Spivia, 78, was surrounded by family at his home on Lake Lanier when he passed away from complications brought on by Lewy body dementia, which he had lived with for several years, according to his wife, Barbara Spivia.
He grew up in Murphy, North Carolina, and came to Atlanta in 1965 to work as an announcer and radio reporter with WGST. A few years later, he took a job with the Georgia Department of Industry and Trade. It was in that role that he visited the set of “Deliverance,” which was filming in Rabun County, to write a piece for Georgia Trend magazine.
During that trip to northeast Georgia, he met Burt Reynolds and forged what would become a lifelong friendship with the star. When Spivia observed the filming in person and saw all that went into a production, he had a light-bulb moment in which he understood the potential economic impact the film business could have on a community, his wife recounted. He came back to Atlanta and pitched then-Gov. Jimmy Carter on the idea of creating a state film commission to promote the state.

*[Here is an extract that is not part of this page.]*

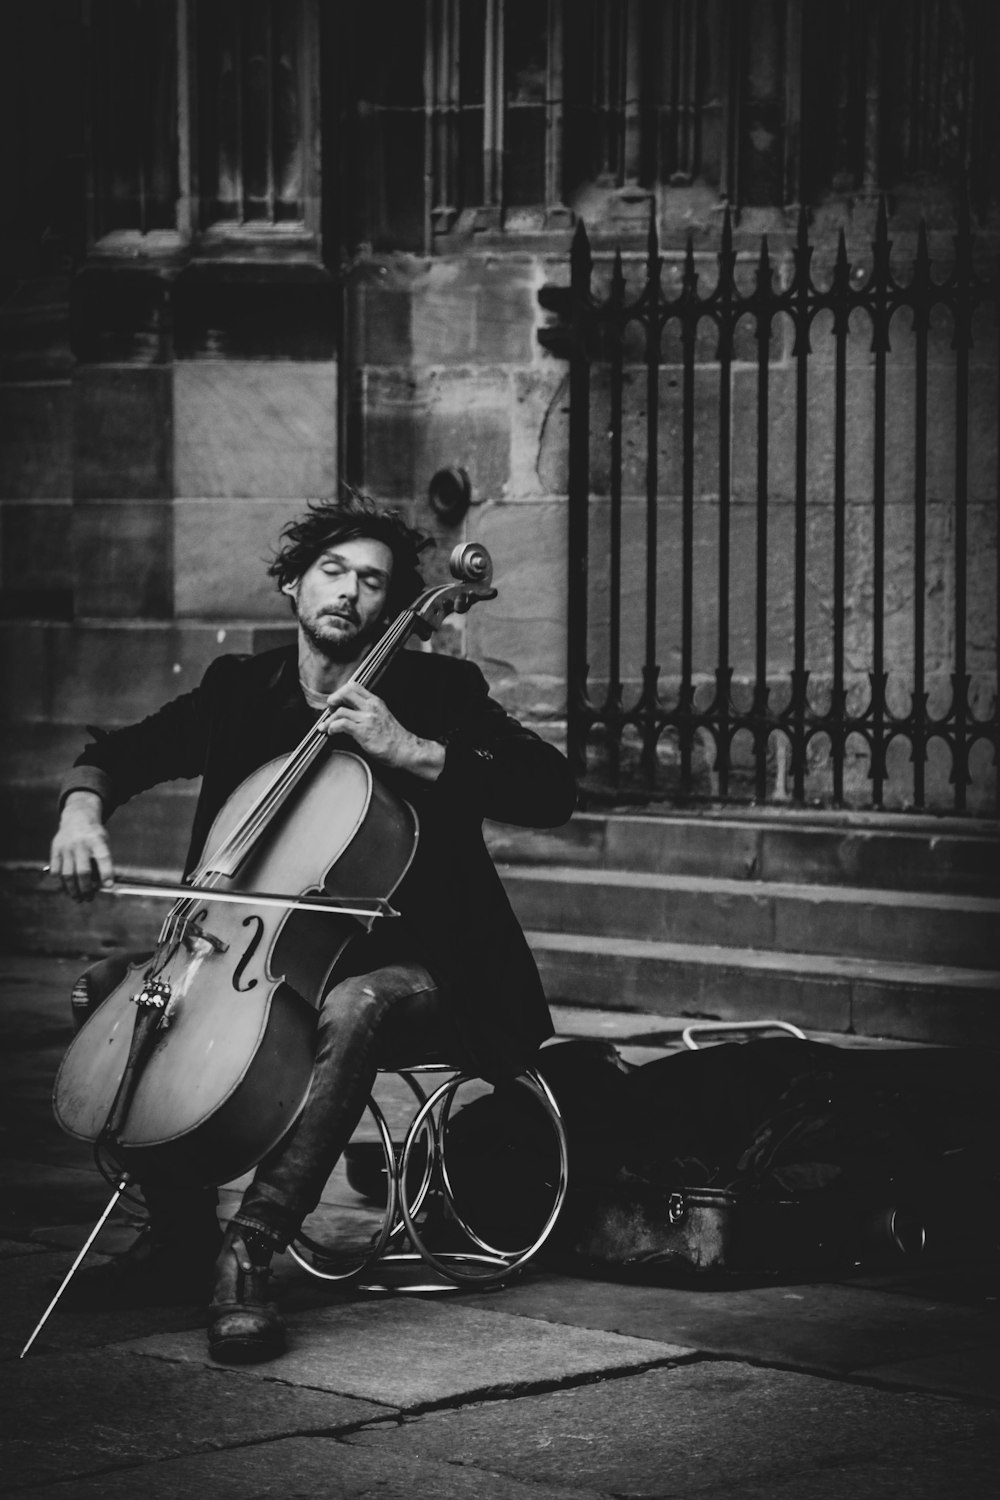 man playing violin on street in grayscale photography photo – Free  Strasbourg Image on Unsplash

“Jimmy Carter said, ‘Do it,’” according to Barbara.
Spivia, who became Georgia’s first film commissioner, considered the state’s geographic diversity a major asset and thought it would appeal to producers. He started visiting Hollywood to build relationships and sell the state as a place to do business. A couple of years later, Reynolds called his friend as his film “The Longest Yard” was urgently in need of a prison where filming could begin on the story of a washed-up NFL player serving time and who is enlisted by the warden to lead a prison football team.
“He made things happen,” Barbara said of her husband. “What they wanted, they got. Burt would say if you need something done: Call Ed.”
Spivia helped secure access to the state prison in Reidsville, where the movie was shot. Over the next decade, some 200 productions were shot in Georgia. Spivia came to know the state so well that he became something of a one-man location manager/problem solver. If a director needed a covered bridge, Spivia would tell them where to go.
In 1983, Spivia broke out on his own and with fellow investors to form Filmworks USA. The company leased the Lakewood Fairgrounds in south Atlanta with the plan to turn the old state fairgrounds into a movie studio. But when the operation struggled financially, the group transformed the fairgrounds into an antiques market that became known around the country. Eventually, the city of Atlanta repurchased the lease to the fairgrounds and today it operates as EUE Screen Gems Studios. Today, Spivia’s antiques market operates in Cumming, where he opened a second location in 2004.
But his second act in the film industry was still to come. That same year, Gov. Sonny Perdue had tapped Spivia to head up a state film advisory board. It was in that role that he and a small group of film industry advocates pushed for favorable tax incentives so Georgia could keep up with other states that were competing hard for Hollywood’s business. Over the next couple of years, the state adopted a series of incentive packages that helped lay the groundwork for today’s booming film industry.
The industry has invested in a web of studios, soundstages and equipment now firmly rooted in Georgia. Direct film spending in Georgia reached $2.7 billion last year, and about 450 projects shot in the state in the past year supported roughly 92,000 jobs.
Wilbur Fitzgerald, an actor and attorney from Georgia, was in that group who worked with Spivia to advocate for the new incentives. He said Spivia’s political insight and his relationships at the Capitol were instrumental in getting the proposal through the General Assembly.
“Ed really was the leader of that effort,” Fitzgerald said. “He knew everybody. He understood the business better than anyone. … He was the catalyst of the film and television industry in Georgia. He’s done as much for the state as some of our best governors.”
In addition to Barbara, his wife of 17 years, Spivia is survived by two sons, Rhett and Greg; a daughter, Cole; three stepsons, Philip Beegle, Brian Beegle and Kevin Beegle; three grandchildren; and two great-grandchildren.